*** Information given Section Begins ***

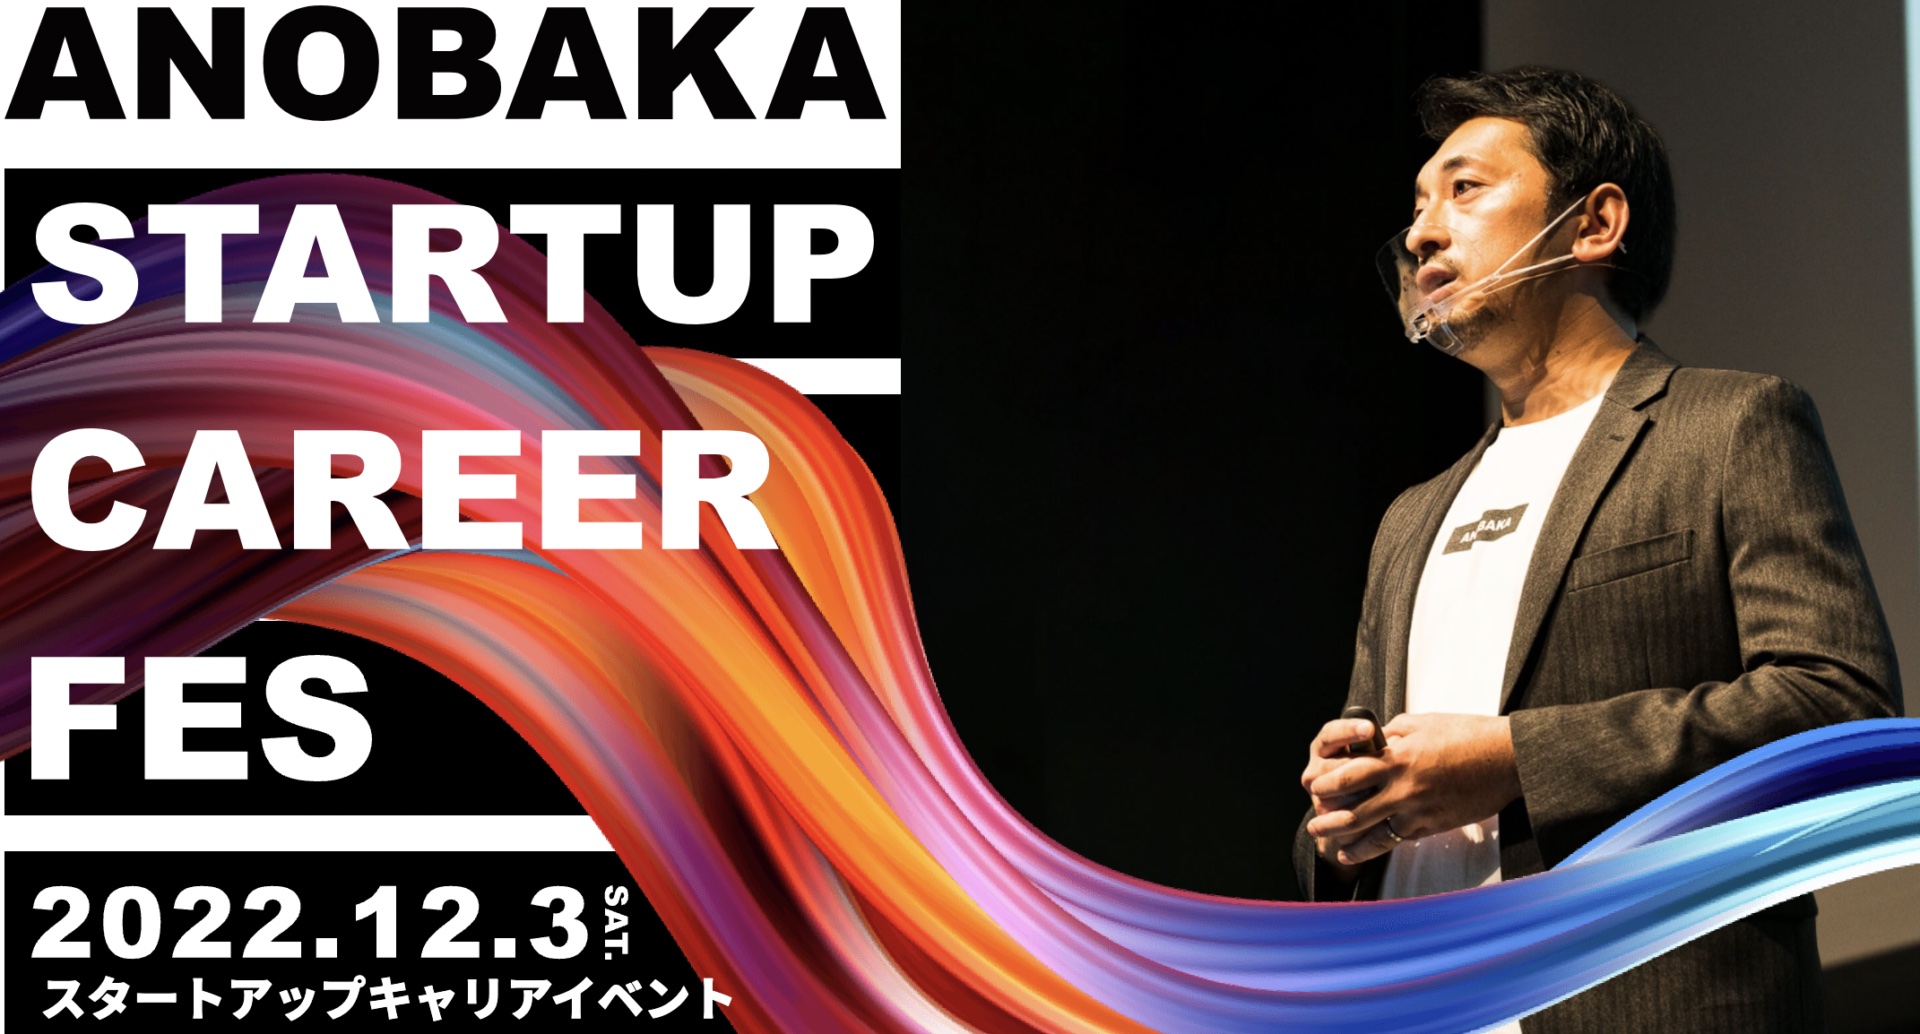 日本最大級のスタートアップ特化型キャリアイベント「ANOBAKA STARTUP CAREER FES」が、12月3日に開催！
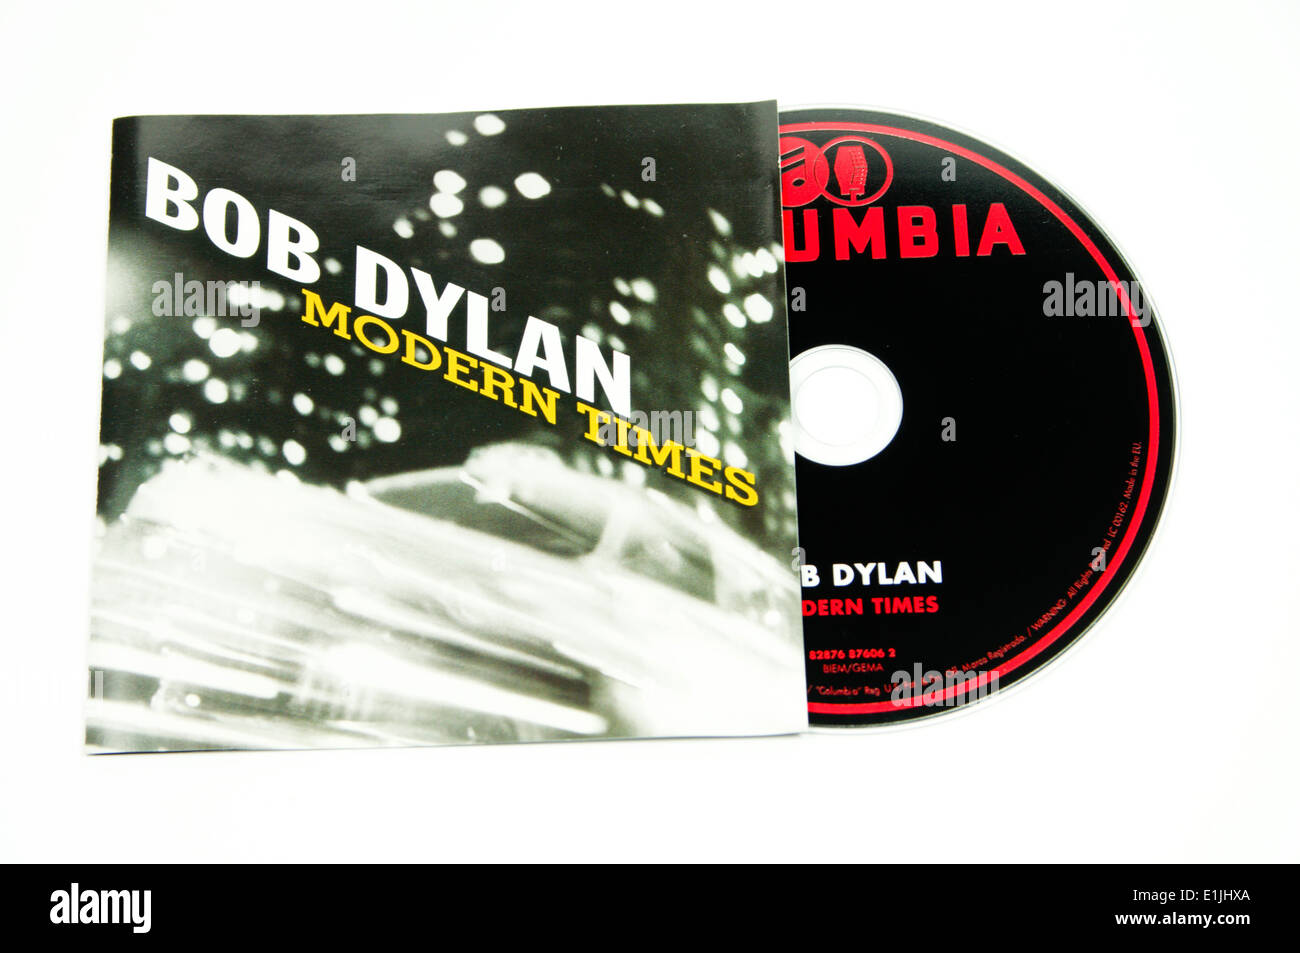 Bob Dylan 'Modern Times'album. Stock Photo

*** Information given Section Ends ***
*** Information given Section Begins ***

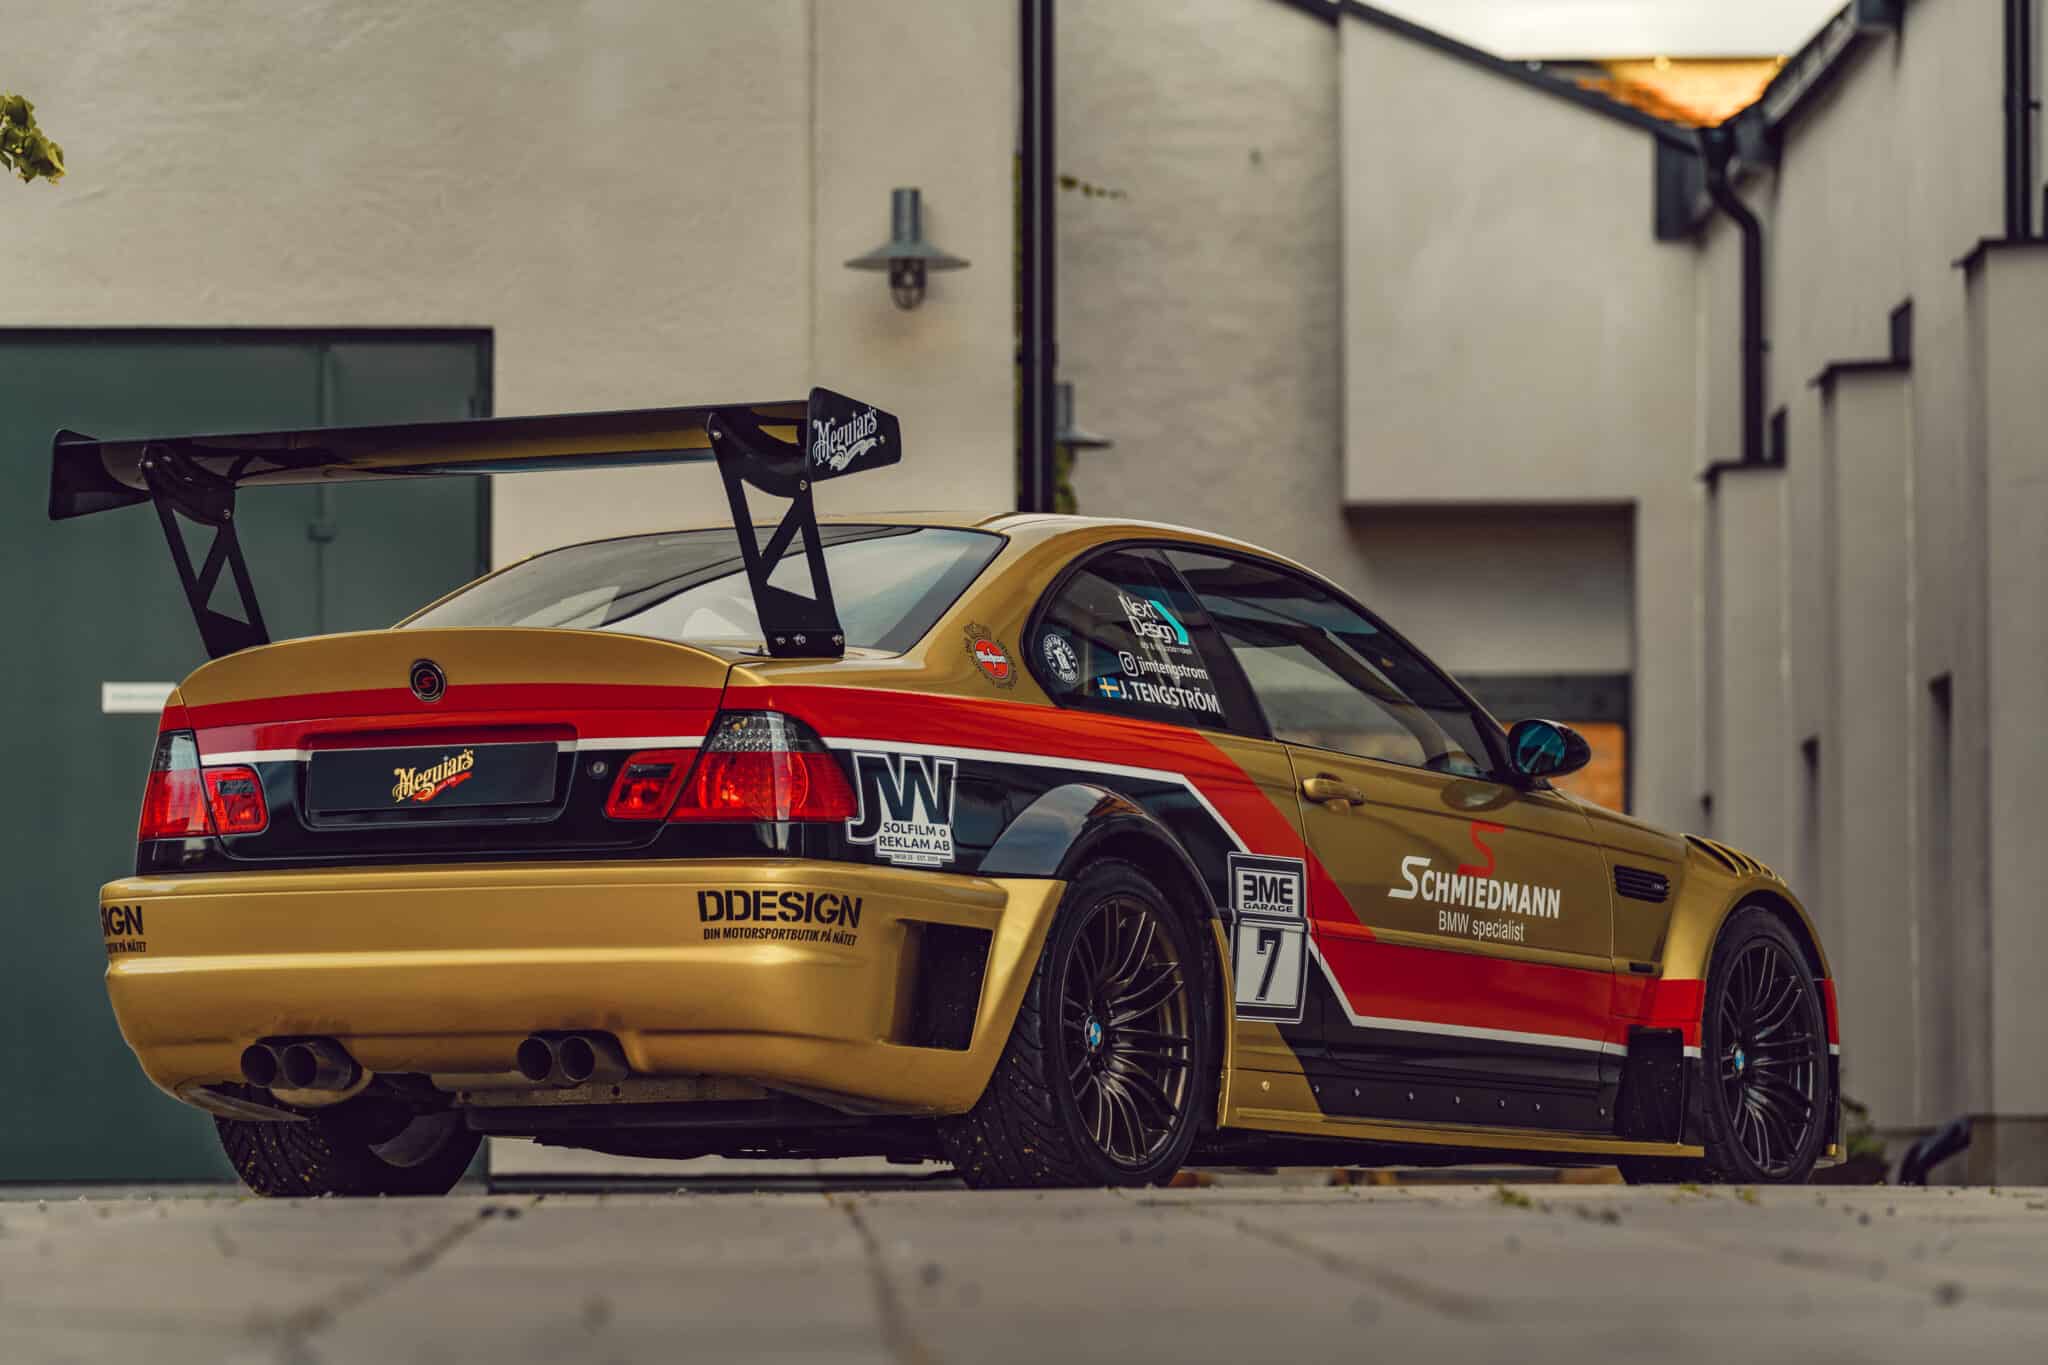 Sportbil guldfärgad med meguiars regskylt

*** Information given Section Ends ***
*** Information given Section Begins ***

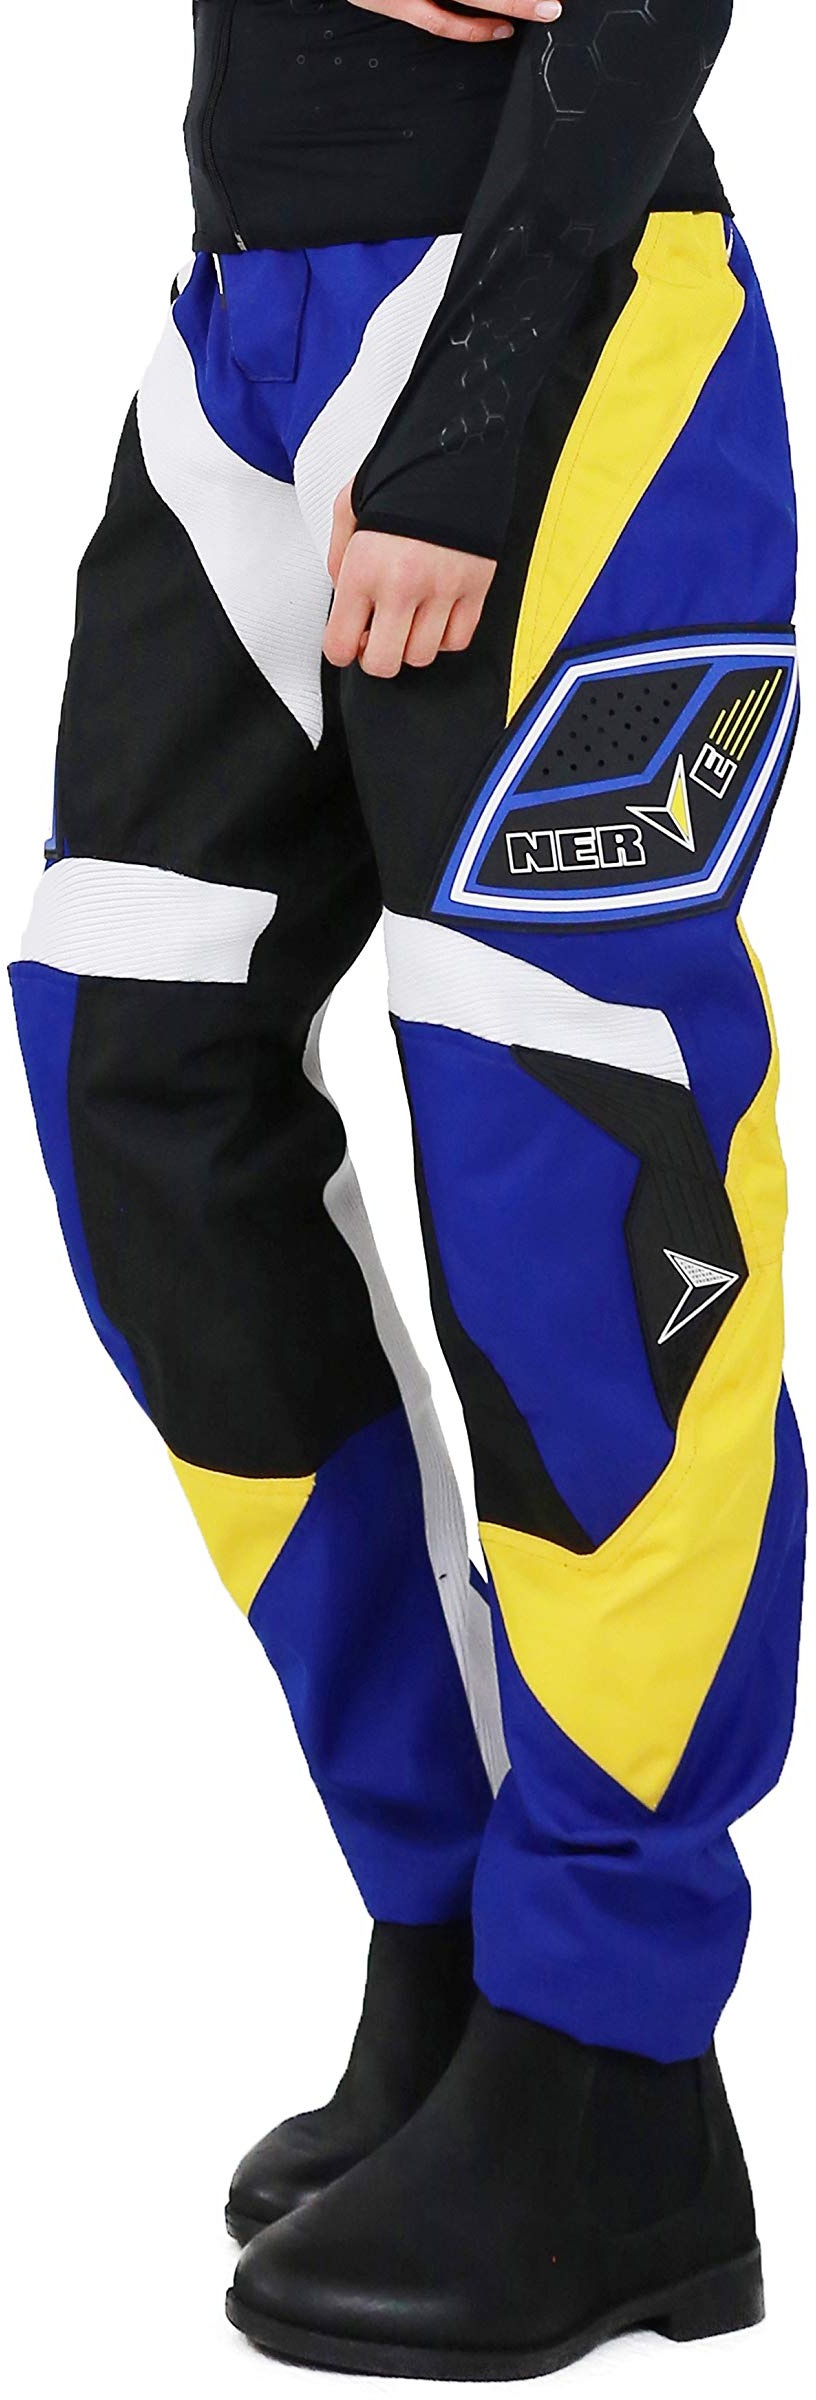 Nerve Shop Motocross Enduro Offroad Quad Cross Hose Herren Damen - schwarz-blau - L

*** Information given Section Ends ***

Assignment -
Output exactly the lines above that lie between the line with "日本最大級のスタートアップ特化型キャリアイベント「ANOBAKA STARTUP CAREER" and the line with "Bob Dylan 'Modern Times'album. Stock Photo", those two lines included, and no pictures.

Solution for this exercise -
 日本最大級のスタートアップ特化型キャリアイベント「ANOBAKA STARTUP CAREER FES」が、12月3日に開催！
 Bob Dylan 'Modern Times'album. Stock Photo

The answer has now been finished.